We don't need a model, we need a state

Ashutosh Kumar

Feb 19, 2026

blue and white wall paint — Photo by Katerina on Unsplash

Consider an agent interacting with an environment over discrete time steps t.

\(\text{At each step, the environment is in a ground-truth state, } s_t \in S. \)

\(\text{The agent executes an action, } a_t \in A.\)

\(\text{The environment transitions to the next state, } s_{t+1} \sim T(s_{t+1}|s_t,a_t)\)

\(\text{Emits an observation (high-dimensional: an image), } x_{t+1} \sim O(x_{t+1}|s_{t+1})\)

\(\text{Reward/cost: } r_{t+1} \sim R(r_{t+1}|s_{t+1})\)

One crucial distinction here is that the agent never sees the ground-truth state. It only has the history of interactions:

\(h_t = (x_1, a_1, ..., a_{t-1}, x_t)\)

The goal or the control objective is to find a policy that maximizes expected future returns. However, planning/control is challenging in historical contexts. The central move is to find a state (s_t) that compresses history while retaining all the information needed for prediction and control. Formally, the goal or objective can be defined as:

\(\text{policy: } \pi(a_t|h_t), \space J(\pi) = E_{\pi, T, O}[\sum_{k=1}^{\infty} \gamma^k r_{t+k+1}]\)

The ideal state is a sufficient statistic of history for the future:

\(p(o_{t+1:\infty}, r_{t:\infty}|h_t,a_{t:\infty}) = p(o_{t+1:\infty}, r_{t:\infty}|s_t,a_{t:\infty}) \space : \text{notice }h_t \text{ and } s_t\)

This is the “world model” problem in its cleanest form:

\(\text{learn a representation, }s_t=f(h_t) \space \text{and predictive mechanism }p(\cdot|s_t, a_t)\)

such that the above sufficient statistic equation holds approximately.

Let’s break down the “problem” with targets

Target A: Predictive Modeling

Learn a model of future observables:

\(p_{\theta}(o+{t+1}|h_t, a_t) \text{ or } p_{\theta}(o+{t+1}|s_t, a_t)\)

This is enough to do many things (imitating, forecasting), but not necessarily control, because rewards and goals may depend on latent factors that are weakly expressed in pixels.
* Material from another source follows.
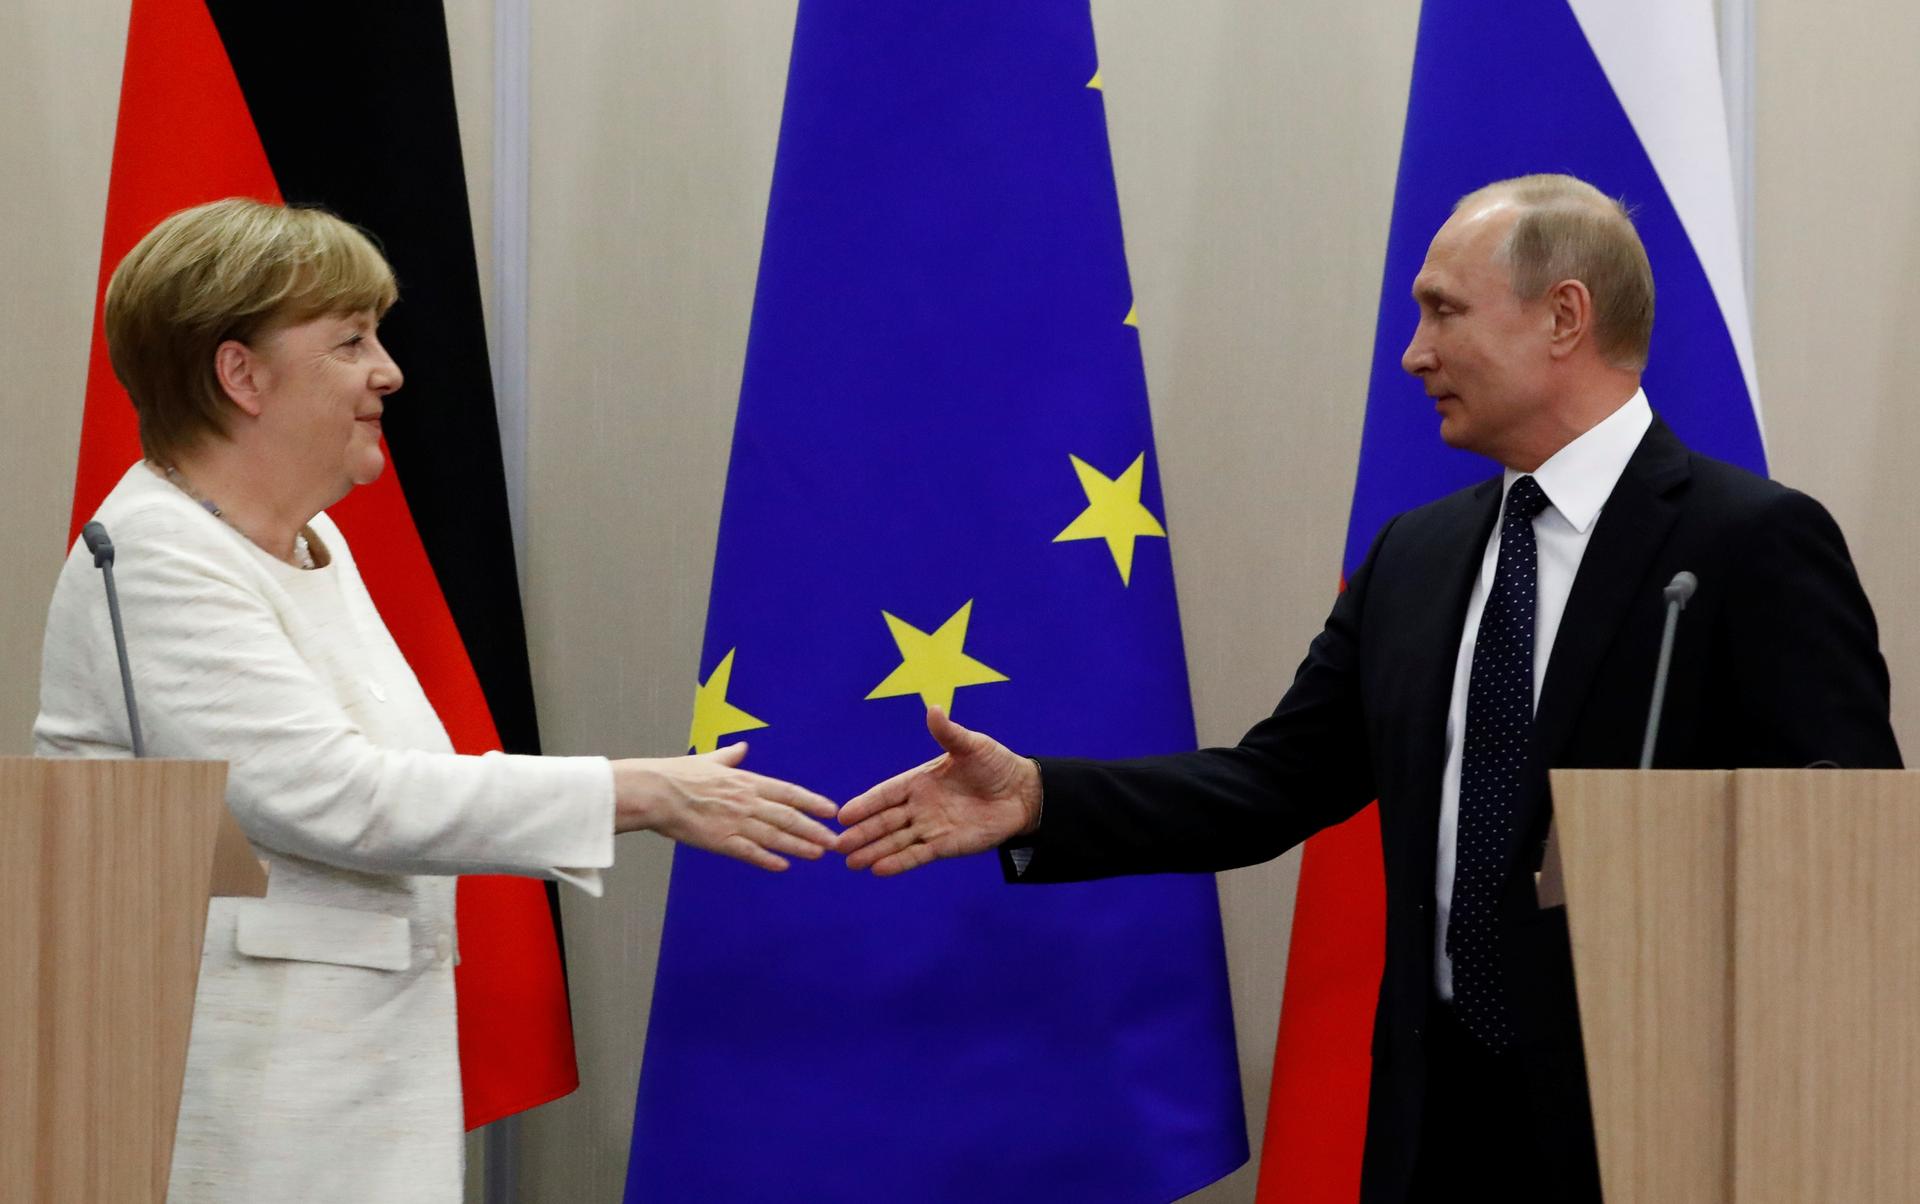 Russian President Vladimir Putin and German Chancellor Angela Merkel shake hands following a joint news conference in the Black Sea resort of Sochi, Russia, May 18, 2018.

Target B: Control-sufficient Modeling

Learn a state that is sufficient for value:

\(V^{\pi}(h_t) = V^{\pi}(s_t), \space \space Q^{\pi}(h_t, a_t) = Q^{\pi}(s_t, a_t)\)

This is weaker than full prediction (we can ignore nuisance factors), but harder to ensure without either

explicit reward modeling or
coverage assumptions

A “world model” used for planning is usually trying to approximate Target A plus the parts of Target B needed for decision making.

Why end-to-end Model-free RL struggles here?

This is not “model-free never works”. It’s → There are structural failure modes that show up when we lack predictive structures (explanation in a bit).

A model-free agent (e.g., DQN, PPO) attempts to map the history of states, h_t → a_t directly (or h_t → V(h_t)). Why does it lead to structural failures?

High dimensionality: h_t grows linearly with time. Naively treating h_t as input is computationally intractable.
Sample Inefficiency: The agent must implicitly learn the physics of the world through the reward signal. If rewards are sparse, the agent receives no feedback on whether it understands the environment’s dynamics.
Lack of counterfactuals: A model-free agent answers, “What action is best?” It cannot answer “What would have happened if I did X?”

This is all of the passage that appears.